По отцу понять было невозможно, тридцать ему или сто тридцать. Когда задумывался, он делался похож на статую, но тут же снова оживал, играли блики, улыбка набегала и сходила маленькими волнами. Он подмигнул Аньке, как мог бы подмигивать старший брат, которого у неё никогда не было – дескать, я знаю про тебя самое главное и никому не скажу. Анька присела в реверансе: когда-то в детском саду их этому учили для танца на утреннике. Отец сказал:
– Боже ты мой. Да проходите, угощайтесь. Я рад, что всем нам удалось увидеться.
И – тоном ниже, матери, с тенью упрёка, будто сам сомневался в собственном недовольстве:
– Я ведь говорил тебе, что мой дом всегда открыт.

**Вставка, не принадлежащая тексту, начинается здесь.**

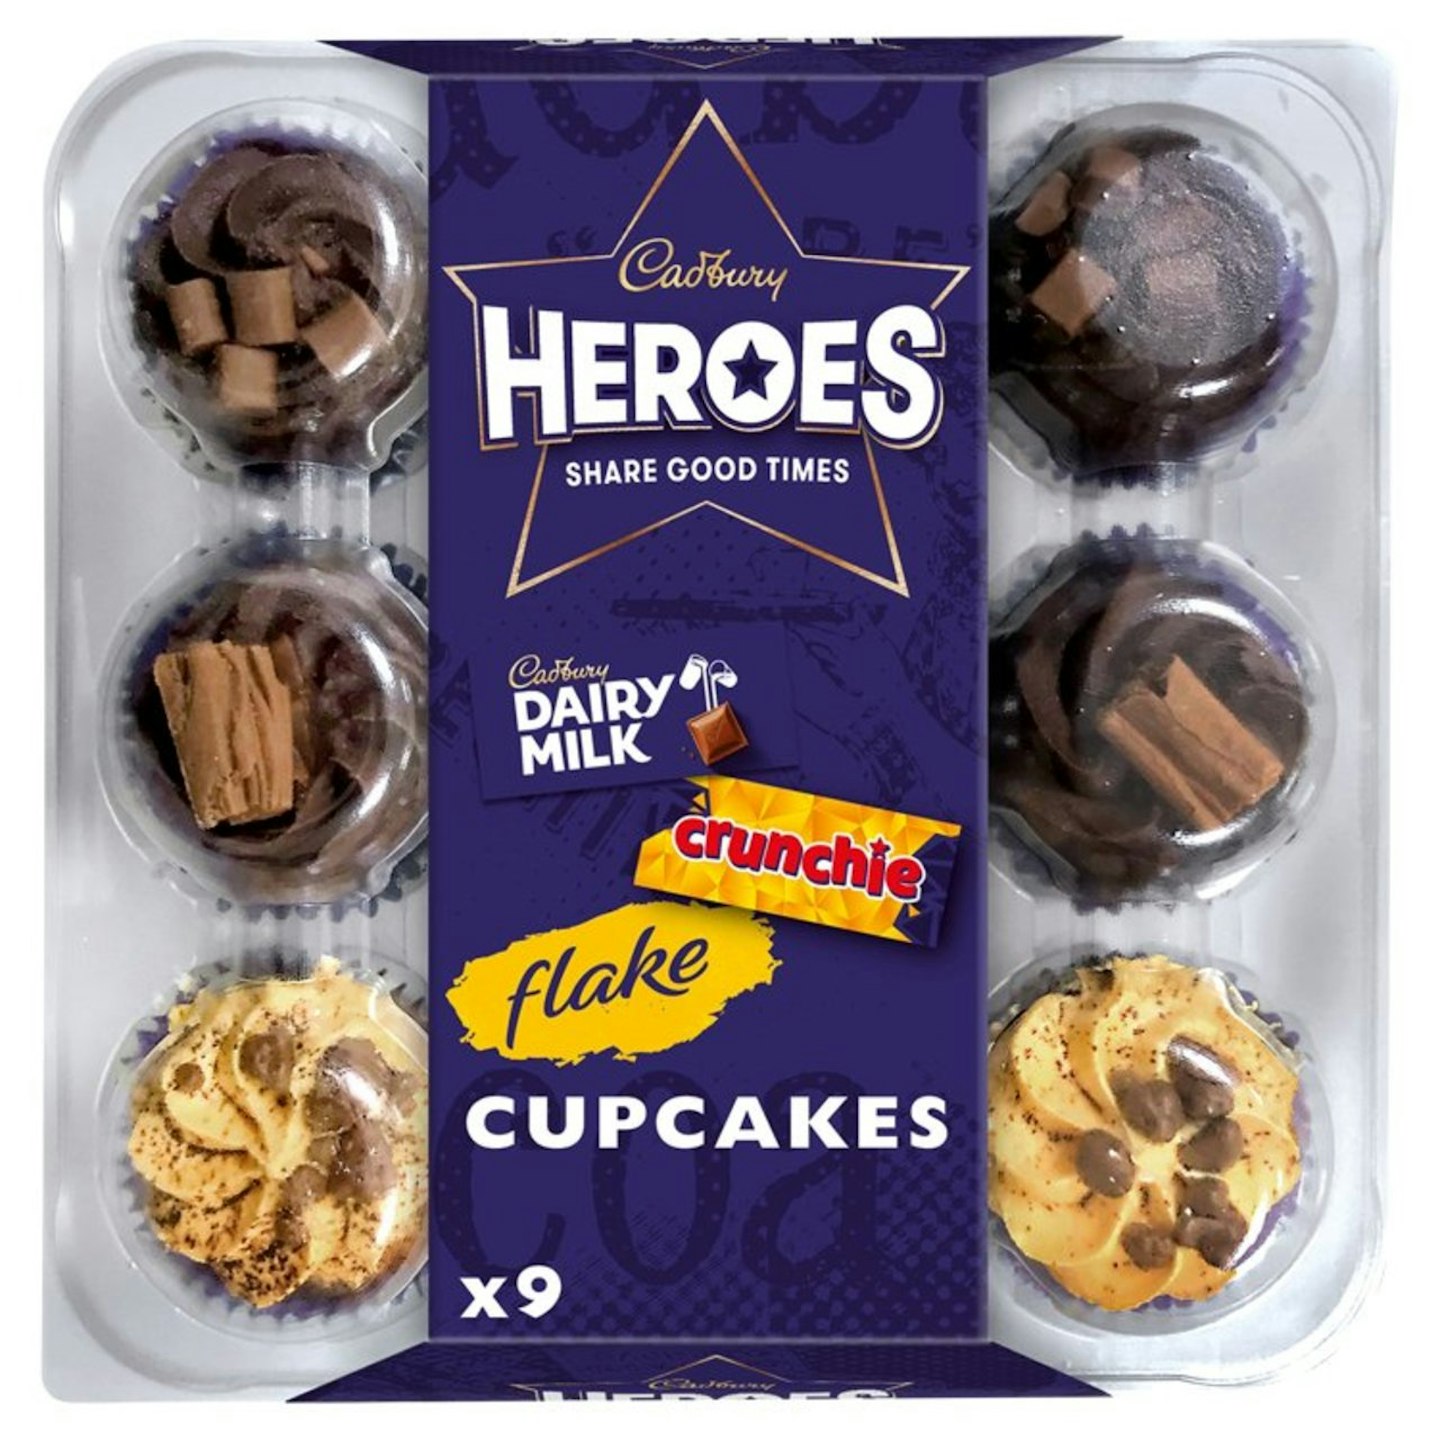 The best supermarket birthday cakes: Cadbury Heroes Cupcakes

– Твой дом на дне речном, он мне зачем?
Под ногами хрустели ракушки, и мелкие песчинки разлетались медленно-медленно, и Анька успевала рассмотреть и перламутровые отблески, и пузырьки, и чешуйки в хвостах отцовских слуг. Отец хвост то носил, то не носил, потом объяснил:
– Я владею двумя обликами.
Тут, под водой, всё было сумрачно, всё медленно, и наконец-то Анькина полудрёма совпала с общим ходом вещей. Мама резала воду тонкими руками, хмурилась, мелкими глотками пила из кубка что-то неопределимое, наконец сказала:
– Я пойду. Анька, останешься?
– На ночёвку?
Мама кивнула. Анька подумала: своя комната, без Наташки, хотя бы на одну ночь. Отец сказал:
– Морских коньков тебе покажу, они смешные.
Мама взяла Наташке пару мидий, завернула в салфетку. Когда мама исчезла, отец сказал:
– Беда и радость смертных в том, что они могут лгать. Извини, Анна.

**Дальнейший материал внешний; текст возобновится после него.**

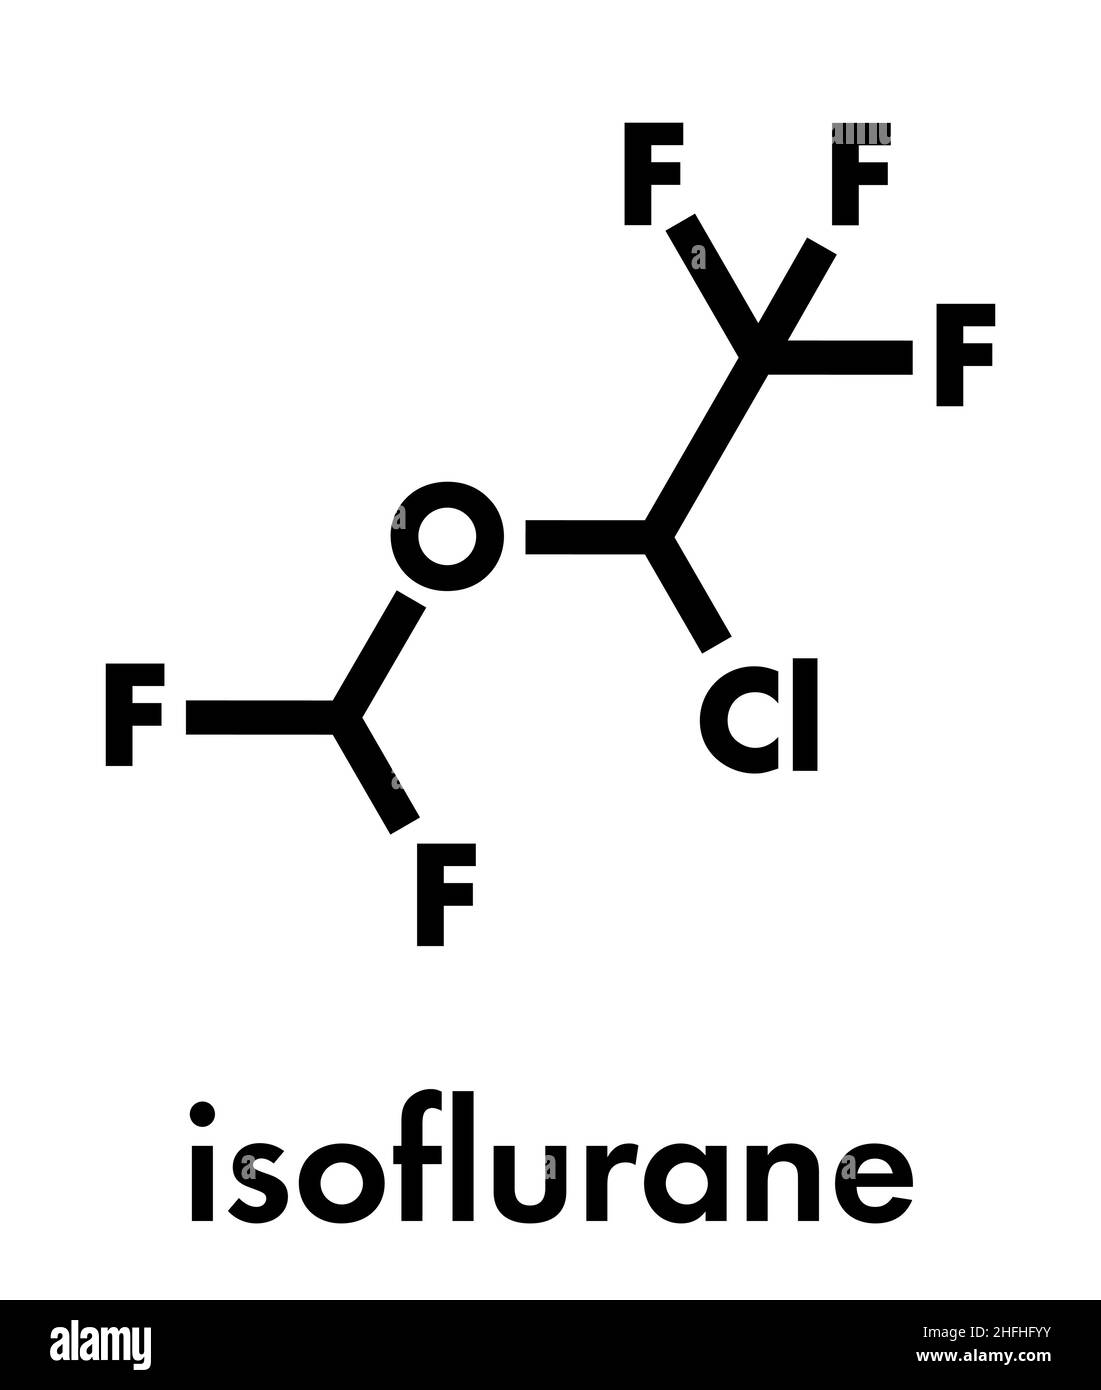 Isoflurane anesthetic drug molecule. Used for inhalational anesthesia during surgery. Skeletal formula. Stock Vector

На самом деле, под водой совсем не холодно, если пришёл по приглашению и к своим. Только немного медленней взметаются волосы, медленней опадают юбки. Зимой многим русалкам больше по нраву спать, но король никогда не спит, мало ли что. В тот вечер отец сказал:
– Да я сам удивился, честное слово. У земных женщин редко от меня кто появляется, это – словом, не полагается, непривычно. Я, знаешь, в страшном сне не мог представить, чтобы мне не сказали, что ты есть. Но твою мать расстроило, что я не человек, – он помолчал, добавил:
– Вот поэтому я и не хотел сперва ей признаваться. Мог бы сделать королевой.

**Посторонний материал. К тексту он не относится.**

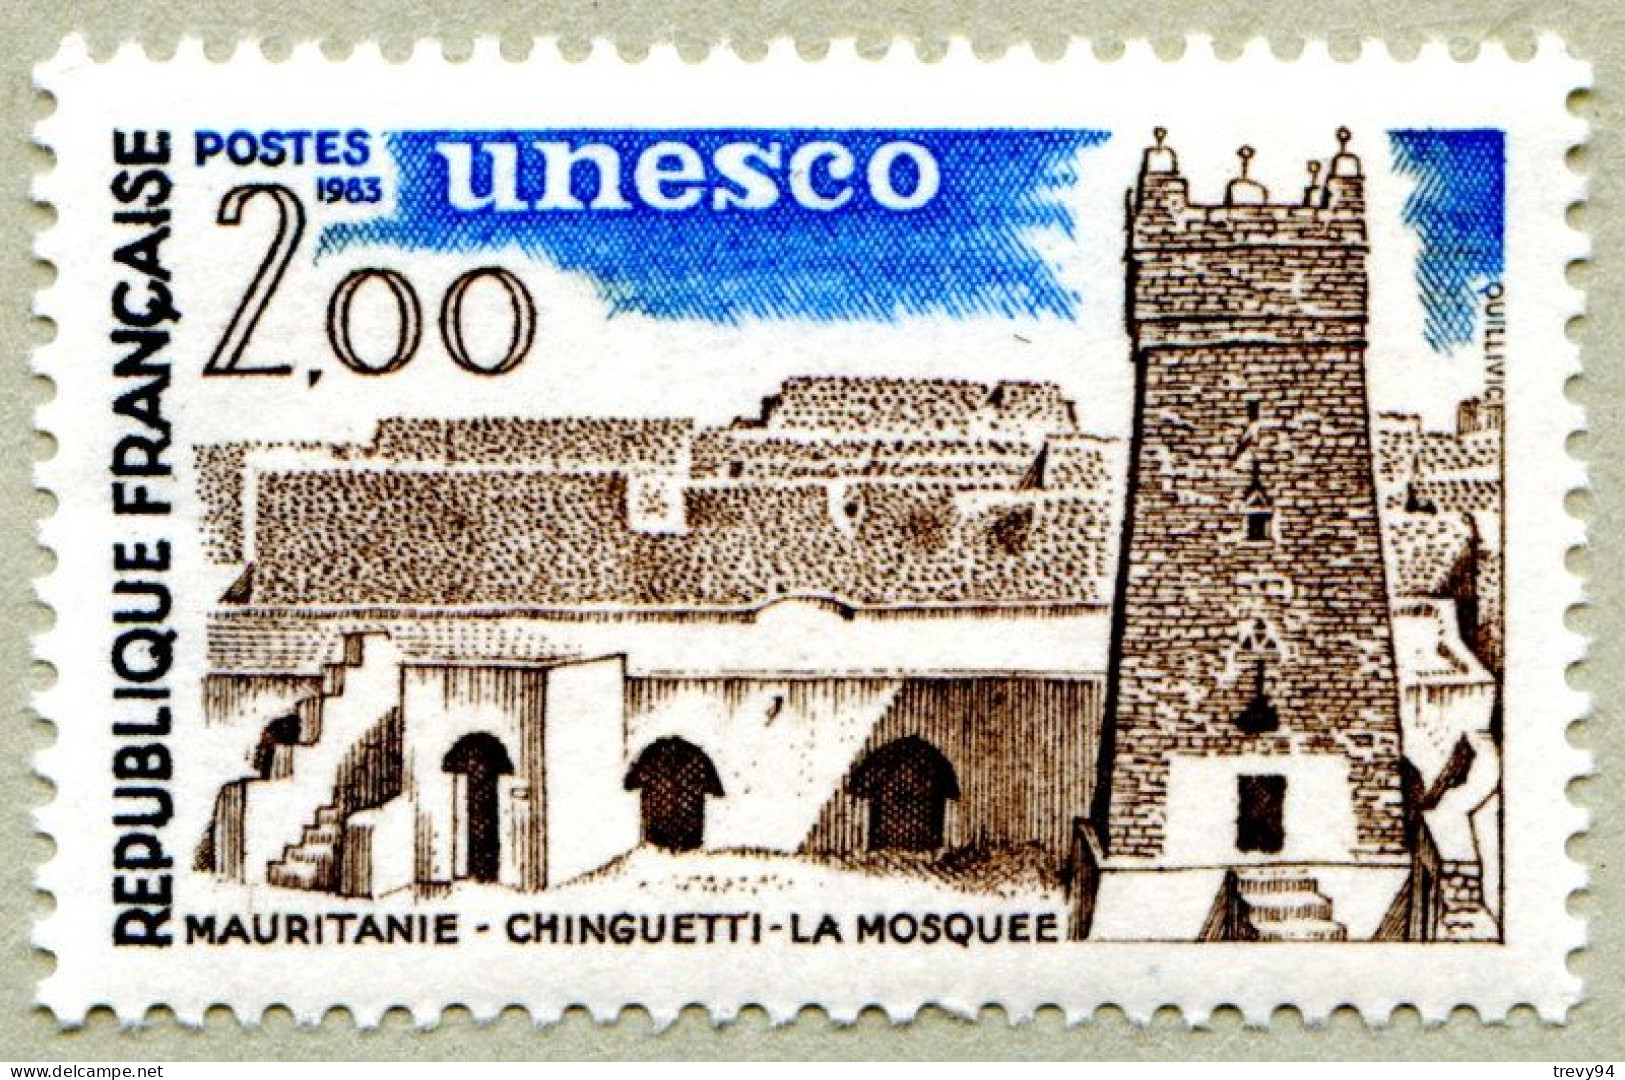 Timbre De Service 1983 - UNESCO Mauritanie Chinguetti - La Mosquée - N° 75 Neuf - Neufs

Анька подумала: пошла бы я на мамином месте жить на дно? Неважно, я на своём месте, и уже здесь. Отец вдруг встрепенулся и спросил:
– Ты же уже чему-то учишься? В каком ты классе?
Анька стояла в бывшем мамином платье с блёстками и думала: и тут школа, конечно.
Анька училась: оказывается, если посреди беседы человек выпустит изо рта пузырёк воздуха, то это значит высказать невыразимое. Овеществлённая пауза. Бульк, бульк.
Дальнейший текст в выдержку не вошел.